Expression of hub genes in different cancer stages
The expression of the identified hub genes in different lung cancer stages were assessed with GEPIA database. We observed a significant difference in the expression of KIF20A (F value= 6.03 Pr >F=0.00049), CDC20 (F value= 4.95 Pr >F=0.00217), MELK (F value= 4.56 Pr >F=0.00368), CCNB2 (F value= 7.43 Pr >F=7,16E-05), and TOP2A in different stages of lung cancer (F value= 2.88 Pr >F=0.003) (figure 10A-10E). However, the differential expression of PECAM1, CDH5, LEPREL1, ZBTB16 and RFN144B was insignificant (figure 10F-10J). The expression of CDC20, MELK and TOP2A decreased with continuous progression of LUAD (figure 10B, 10C and 10E). Whereas, the expression of KIF20 was higher in stage1 and stage 4 compared to stage 2 and stage 3 (figure 10A), and the expression of CCNB2 was highest in stage 2 (figure 10D).
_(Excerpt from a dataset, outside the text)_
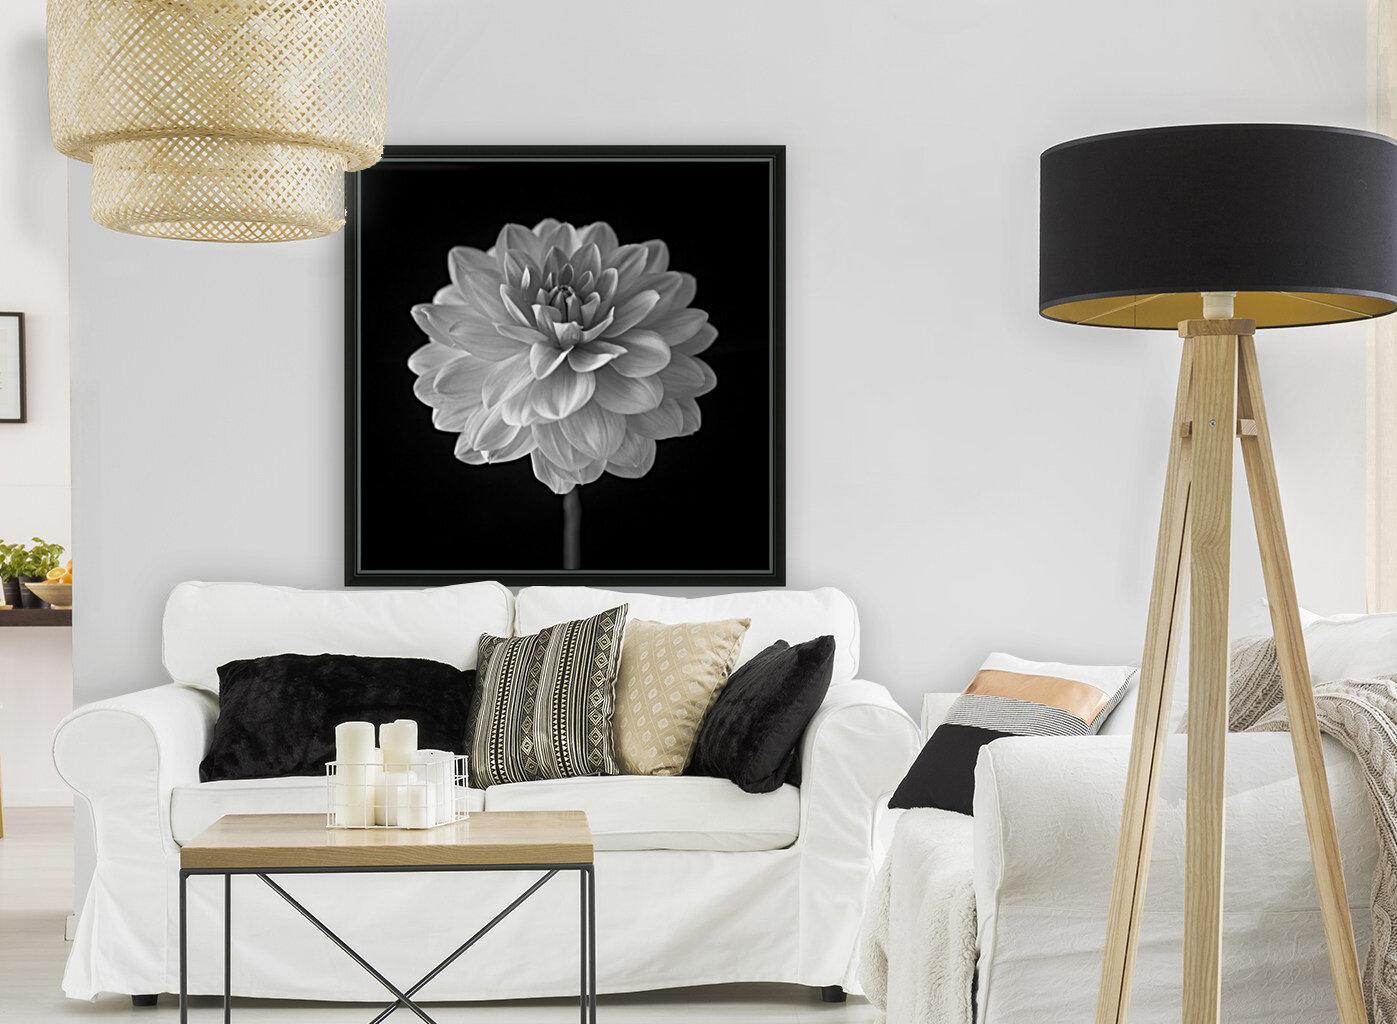 Dahlia flower on black background  Art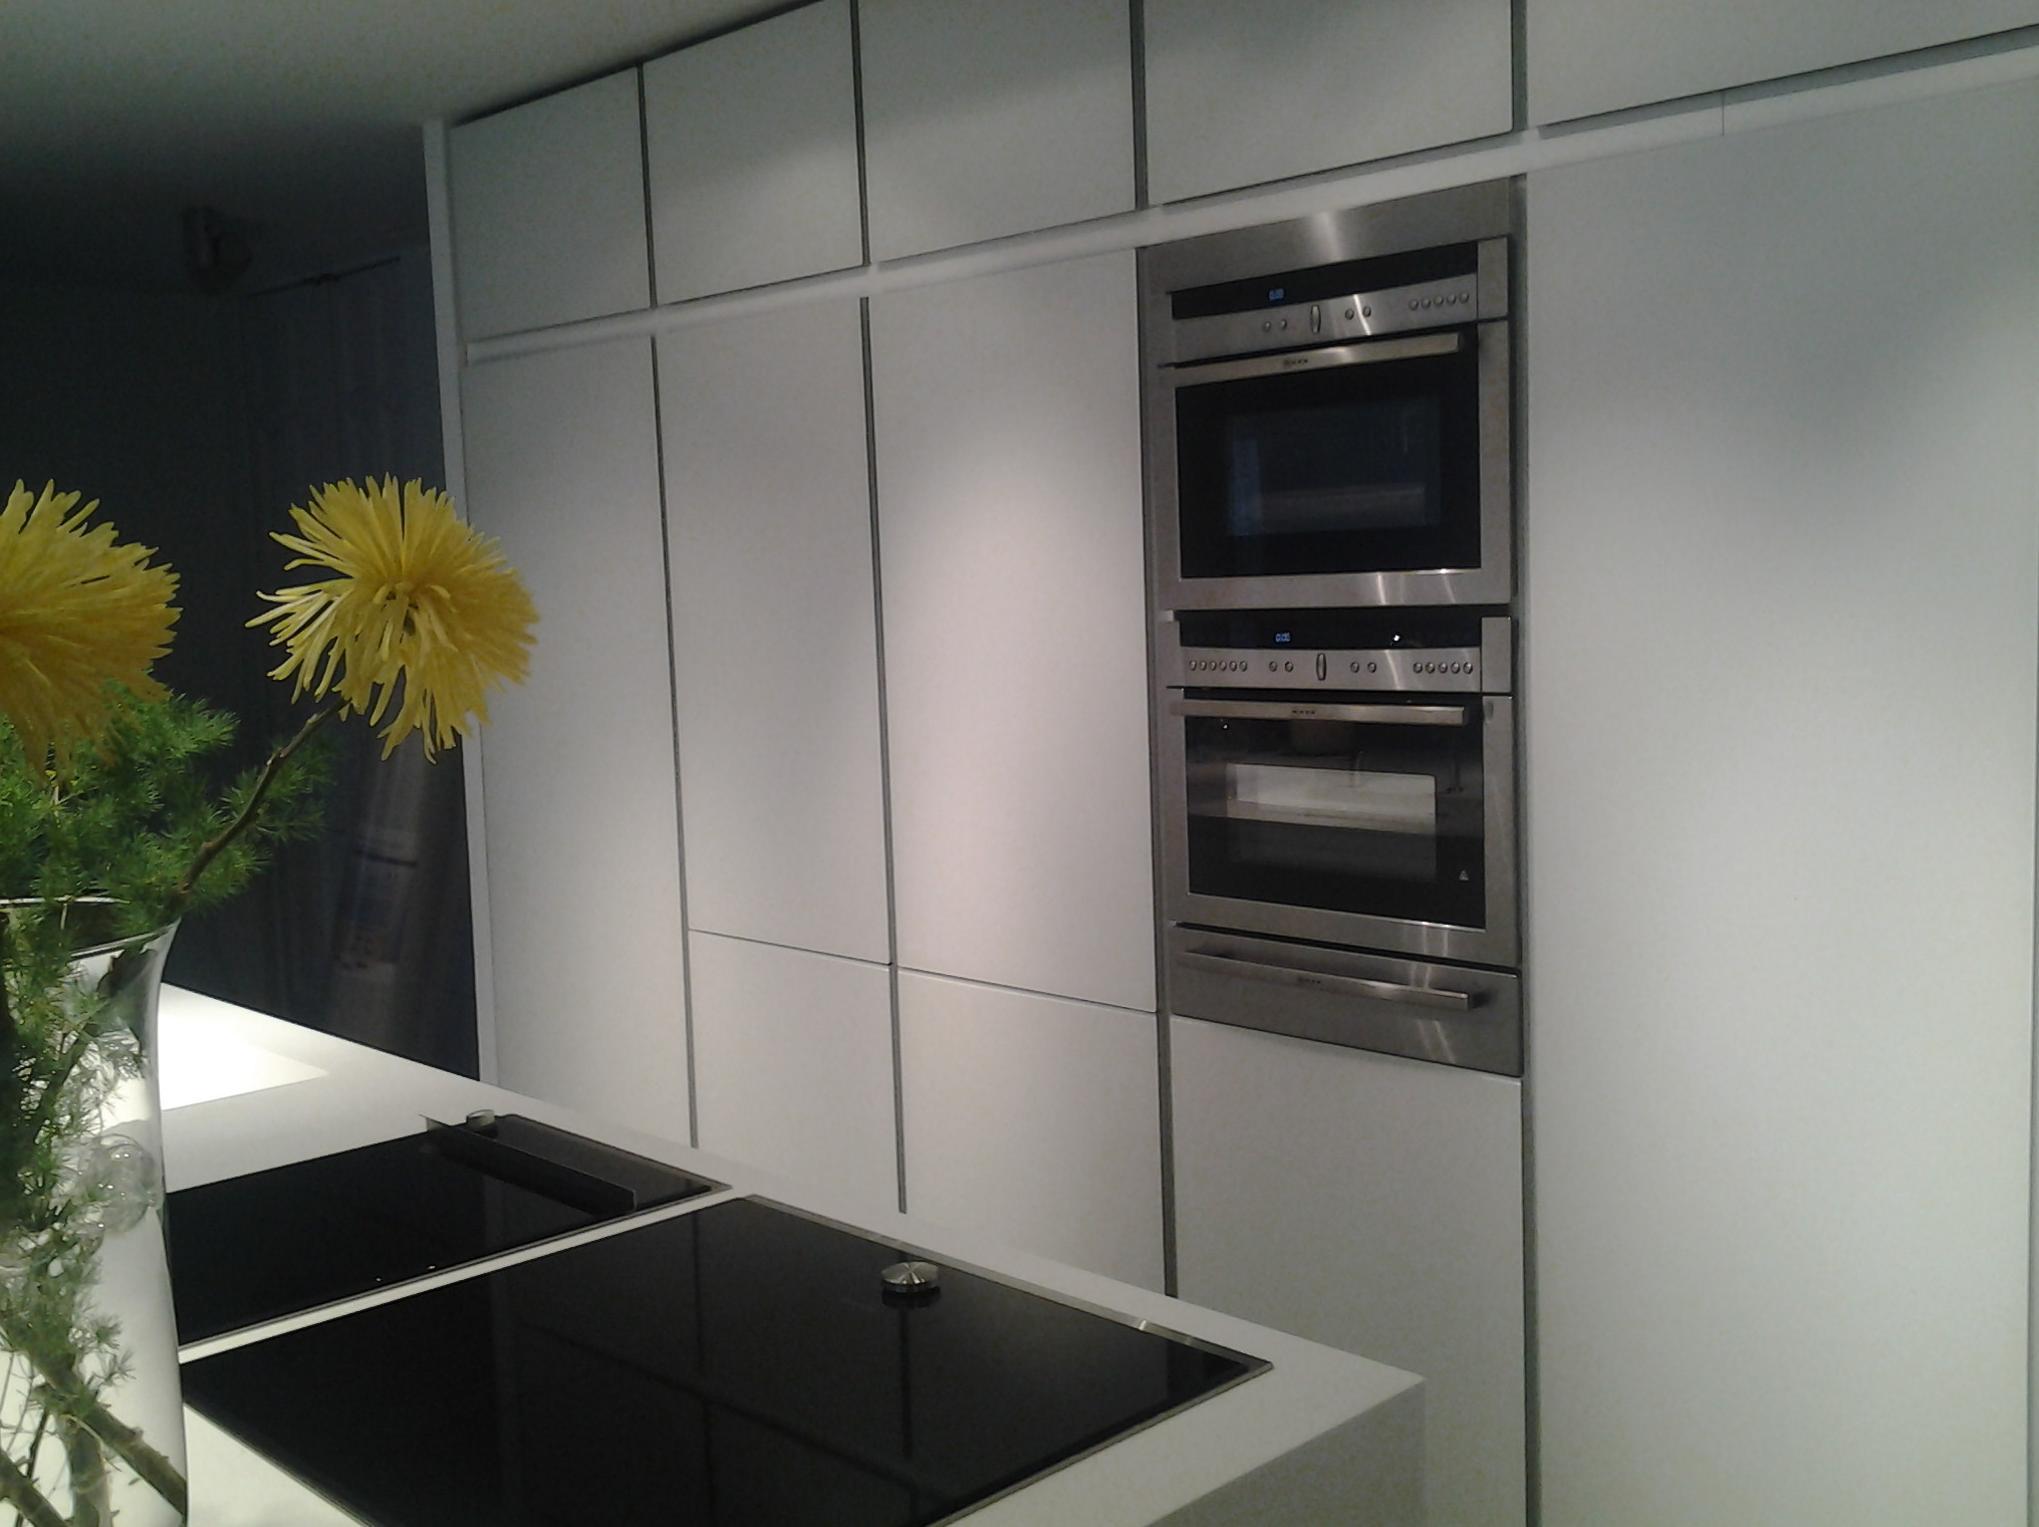 Foto 1 de Muebles de baño y cocina en Fuenlabrada | Estudio ...

Genetic alteration of the hub genes
Investigation of the mutation in genes associated with biological functions are important. Several mutations in these genes can lead to LUCA [20] We investigated the genetic alteration in the hub genes using Cbioportal and identified various alteration in 19% of patients or samples. The highest frequency of alteration was observed in MELK, CDC20, TOP2A, PECAM1 and CDH5 (7%, 3%, 2.6%, 2.6% and 1.3%), respectively. These alterations included missense mutation, truncating mutation, amplification, deep deletion and no alteration (figure 11A). Among the alterations, amplification accounted for the highest percentage of the alterations followed by deep deletion and mutations (figure 11B).